His head lifted slightly.

"If something's changing in me… if I have magic—real magic—what happens then?"

He paused. Then slowly, "That depends on what kind."

Her stomach twisted. She pulled her cloak tighter around herself. "I never… I wasn't supposed to have anything. My mother—she used to say I was lucky not to. Said the bloodline skipped me."

Sylas frowned. "Your mother lied."

She looked at him sharply.

"Or she was wrong," he added. "But I don't think that glow was a coincidence. Magic like that doesn't just show up for no reason."

She swallowed hard. "It felt… like it knew me."

That quieted him for a long moment.

Then he said, "It probably did."

Amiya didn't sleep. Not really. But sometime near dawn, she must've dozed off—because the next thing she knew, Sylas was crouched near the coals, banked low, and the sky was the color of bruised lilac.

They broke camp without speaking much. The mist was thicker now, and the world felt changed. Like they'd crossed into some place that didn't quite belong to the rest of Nytherra.

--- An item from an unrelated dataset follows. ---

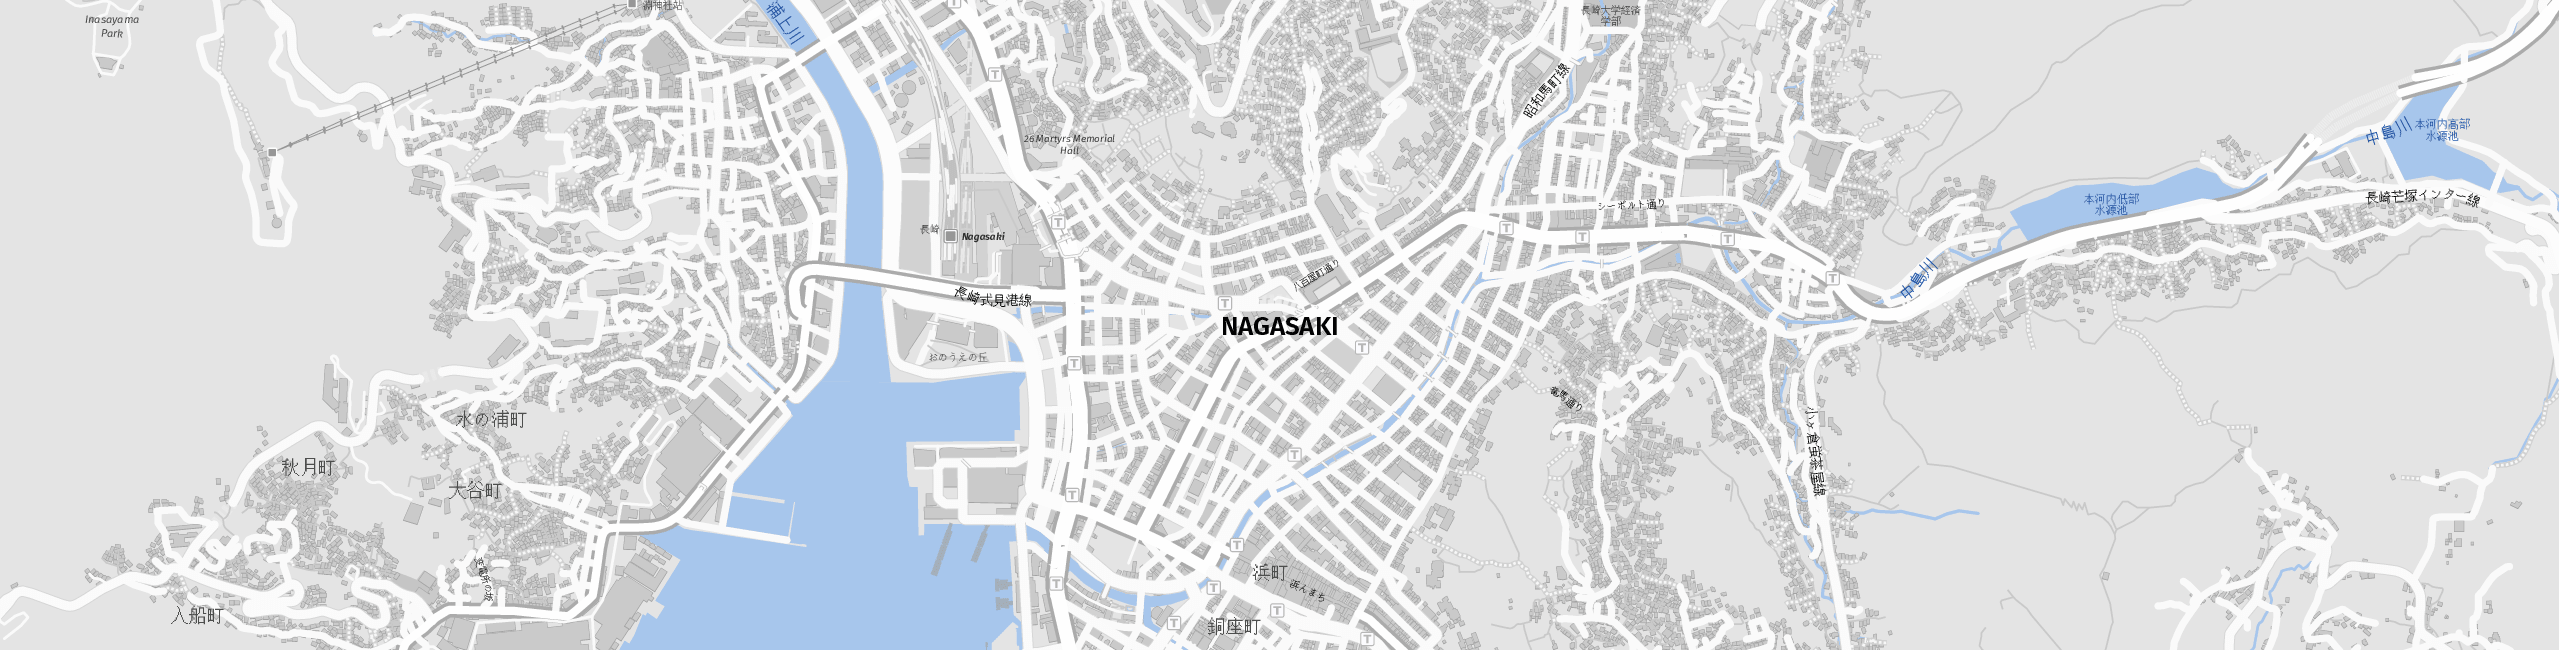 Stadtplan Nagasaki zum Downloaden.

And as they walked, Amiya couldn't help but glance back toward the bridge.

Just once.

As if something might still be watching them from beneath it.

Sylas's POV

Sylas didn't sleep that night.

He stayed by the fire, eyes half-lidded but alert, blade always in reach. Not because of the forest. Not because of Ronan.

Because of her.

He didn't like mysteries. And Amiya—gods damn her—was a walking one. Princess, fugitive, something half-asleep inside her that the world hadn't touched yet.

But that shimmer on the bridge hadn't been nothing.

He'd seen magic before—wild magic, broken magic, the kind that ruined villages and lured fools to their deaths. But this? This had been different.

It hadn't tried to consume her. It had responded. Recognized something. And Sylas had felt that shift. The moment it rippled under her skin, it had brushed his instincts like a whisper on steel.

She'd looked ready to fall into it. Like it was calling her home.

He didn't like the thought. Didn't like anything he couldn't fight off with a blade.

She watched him across the fire once. Their eyes met, briefly.

He hadn't said anything. But neither had she.

He noticed the way her fingers twitched in her sleep—or what passed for sleep. She was restless, coiled like a spring, as if even her dreams didn't let her rest. When she stirred and blinked toward the dying embers, his voice cut through the hush.

"You felt it, didn't you?"

She nodded slowly. "Yes. Like it… knew me."

He didn't call her crazy. He didn't tell her she was imagining things. Because he'd seen it too. And because deep down, part of him already suspected the truth:

That this wasn't just magic. It was something older. Rooted in her blood. And maybe… in that pendant he still hadn't told her he carried.

His hand brushed the inside of his coat where the pendant lay tucked in a hidden pocket. Cold. Silent. Ordinary—until now.

He didn't know what it did. Didn't know if it had triggered what they'd seen. But if that shimmer on the bridge was a sign of something stirring in her, it was a sign he couldn't ignore.

By morning, he'd made his choice.

They wouldn't be continuing west.

They'd turn south—toward the Singing Hollow. Toward the old places that whispered of long-dead power.

She wouldn't like it. She might even fight him on it.

But whatever was waking up in Amiya… it was older than either of them.

And it sure as hell wasn't going to let them outrun it.